See the examples/example_simdeep_start_from_pretrained_labels.py example file.

Example scripts

Example scripts are availables in ./examples/ which will assist you to build a model from scratch with test and real data:

examples
├── example_hyperparameters_tuning.py
├── example_hyperparameters_tuning_with_test_dataset.py
├── example_with_dummy_data_distributed.py
├── example_with_dummy_data.py
└── load_3_omics_model.py

R installation (Alternative to Python lifelines)

In his first implementation, DeepProg used the R survival toolkits to fit the survival functions (cox-PH models) and compute the concordance indexes. These functions have been replaced with the python toolkits lifelines and scikit-survival for more convenience and avoid any compatibility issue. However, differences exists regarding the computation of the c-indexes using either python or R libraries.

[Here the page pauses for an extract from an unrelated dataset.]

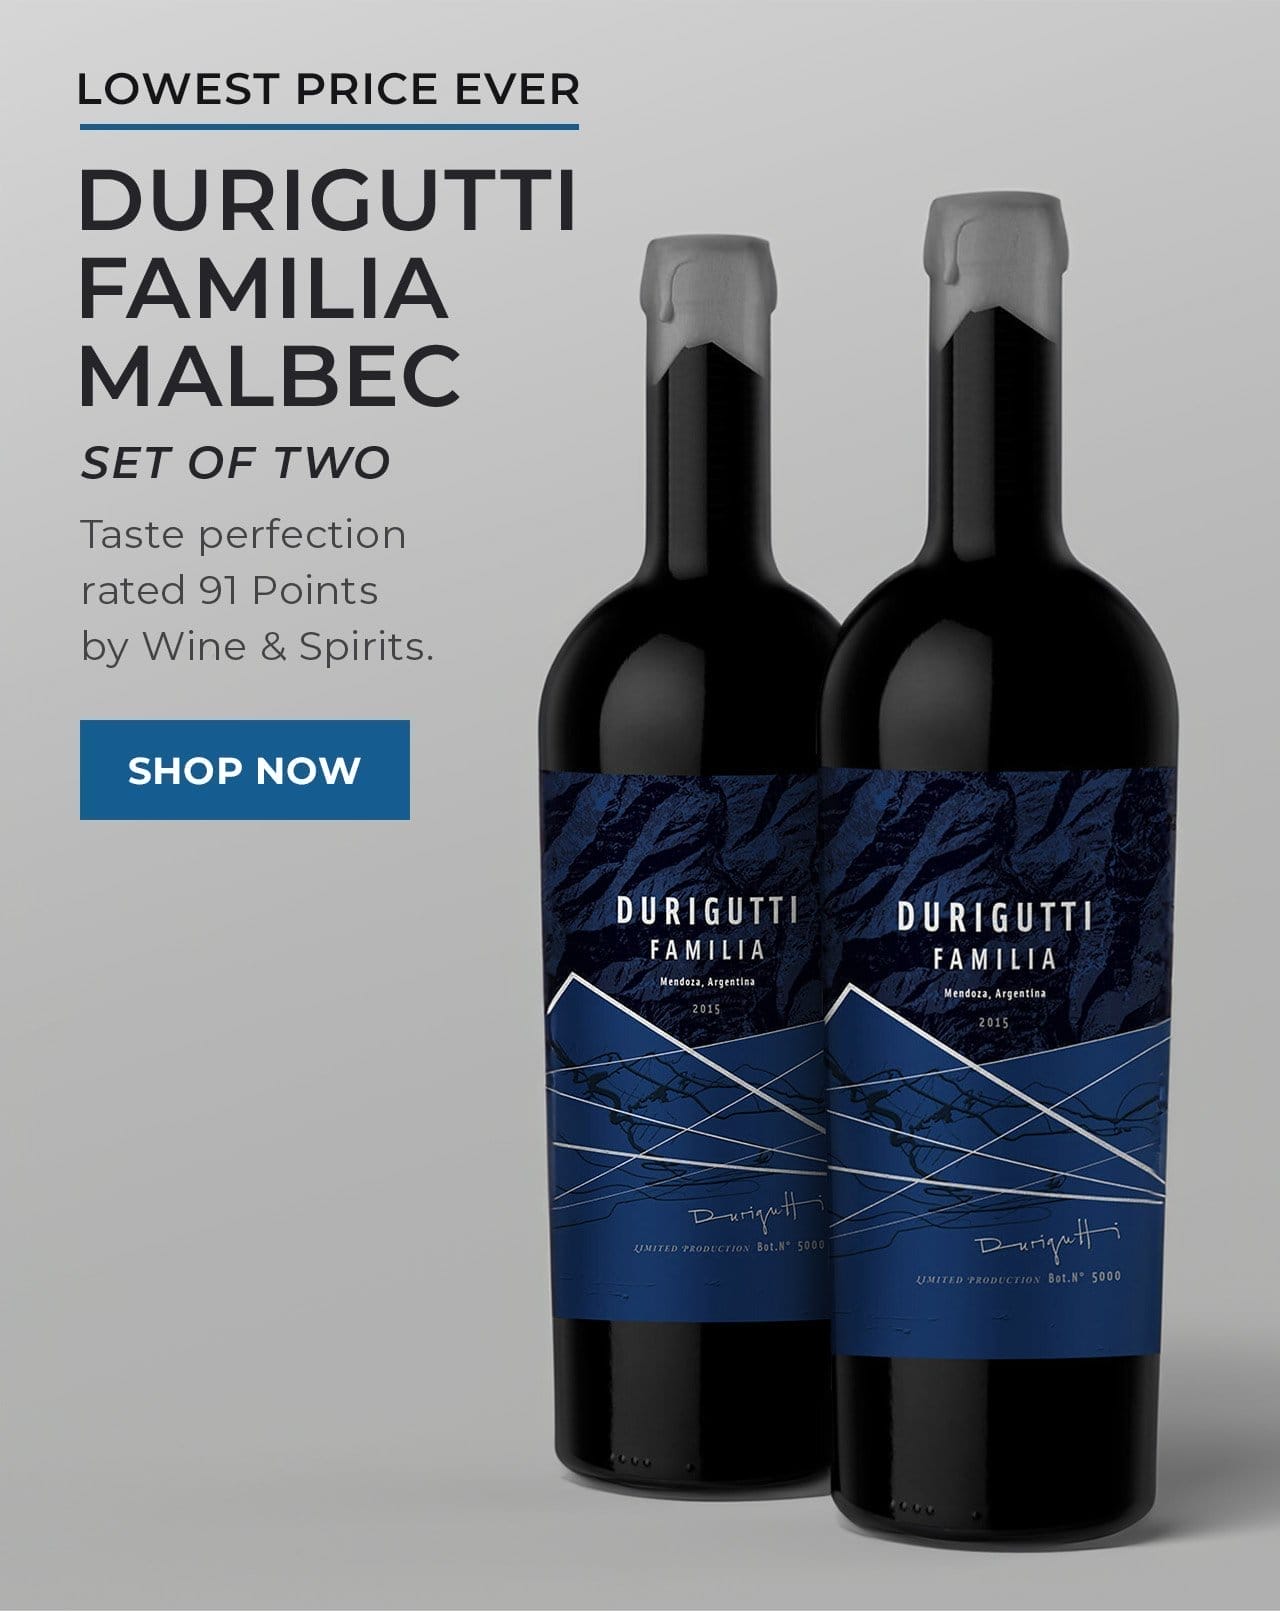 Durigutti Familia Malbec | SHOP NOW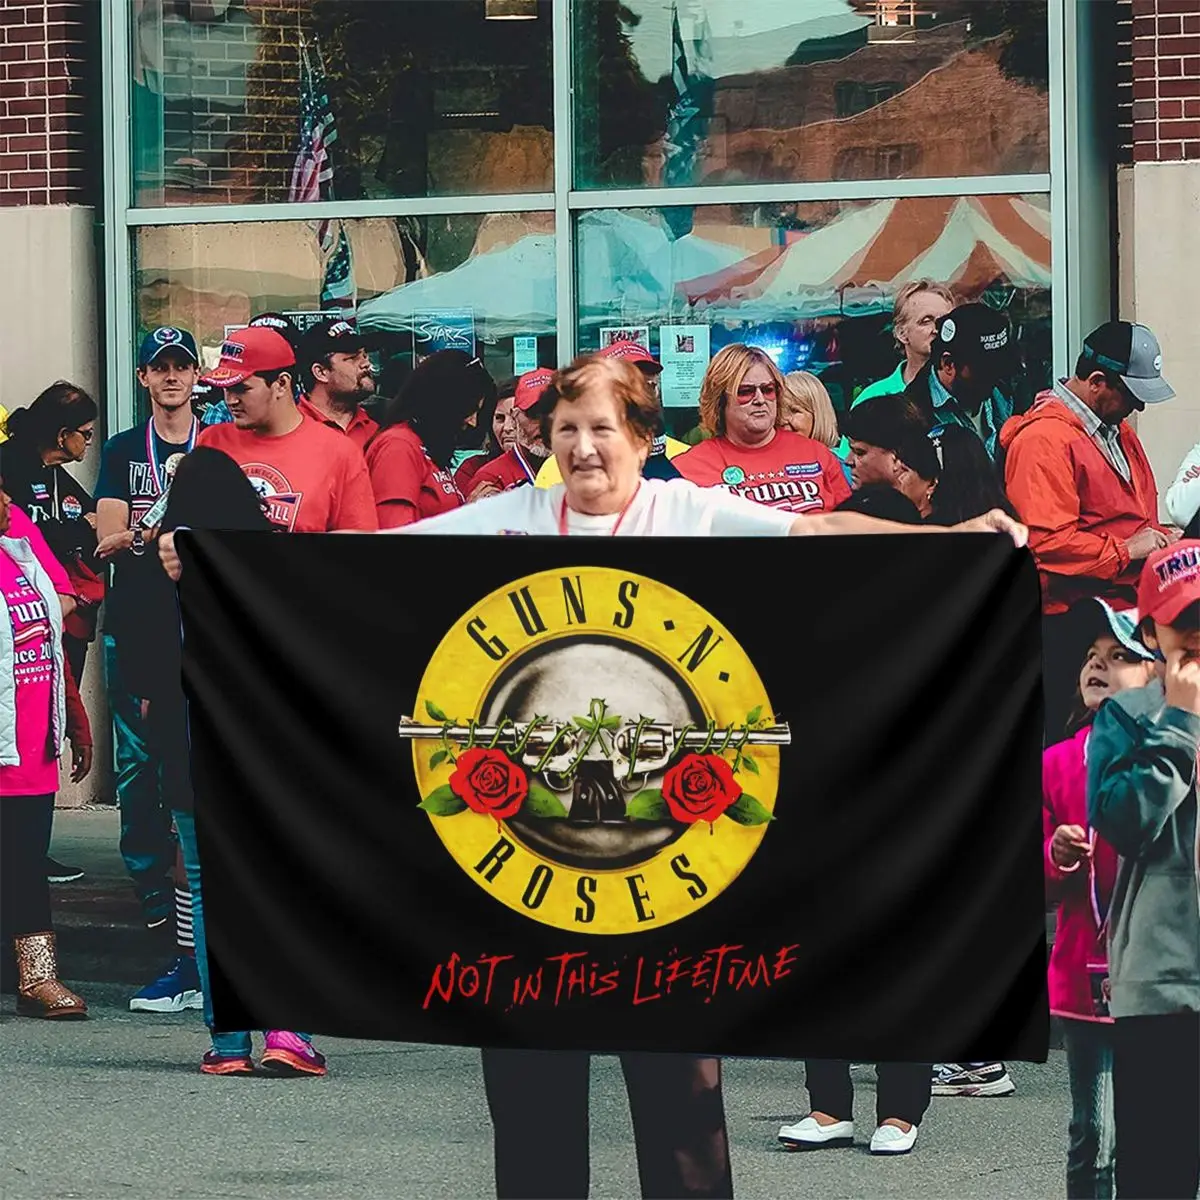 Bandera oficial de Guns N Roses no In This Lifetime Tour, ciudad del desierto, guerra Civil

To use the original R functions, it is necessary to install the following R libraries.

  • R
  • the R "survival" package installed.
  • rpy2 3.4.4 (for python2 rpy2 can be install with: pip install rpy2==2.8.6, for python3 pip3 install rpy2==2.8.6).
install.packages("survival")
install.packages("glmnet")
if (!requireNamespace("BiocManager", quietly = TRUE))
    install.packages("BiocManager")
BiocManager::install("survcomp")

Then, when instantiating a SimDeep or a SimDeepBoosting object, the option use_r_packages needs to be set to True.

License

The project is licensed under the PolyForm Perimeter License 1.0.0.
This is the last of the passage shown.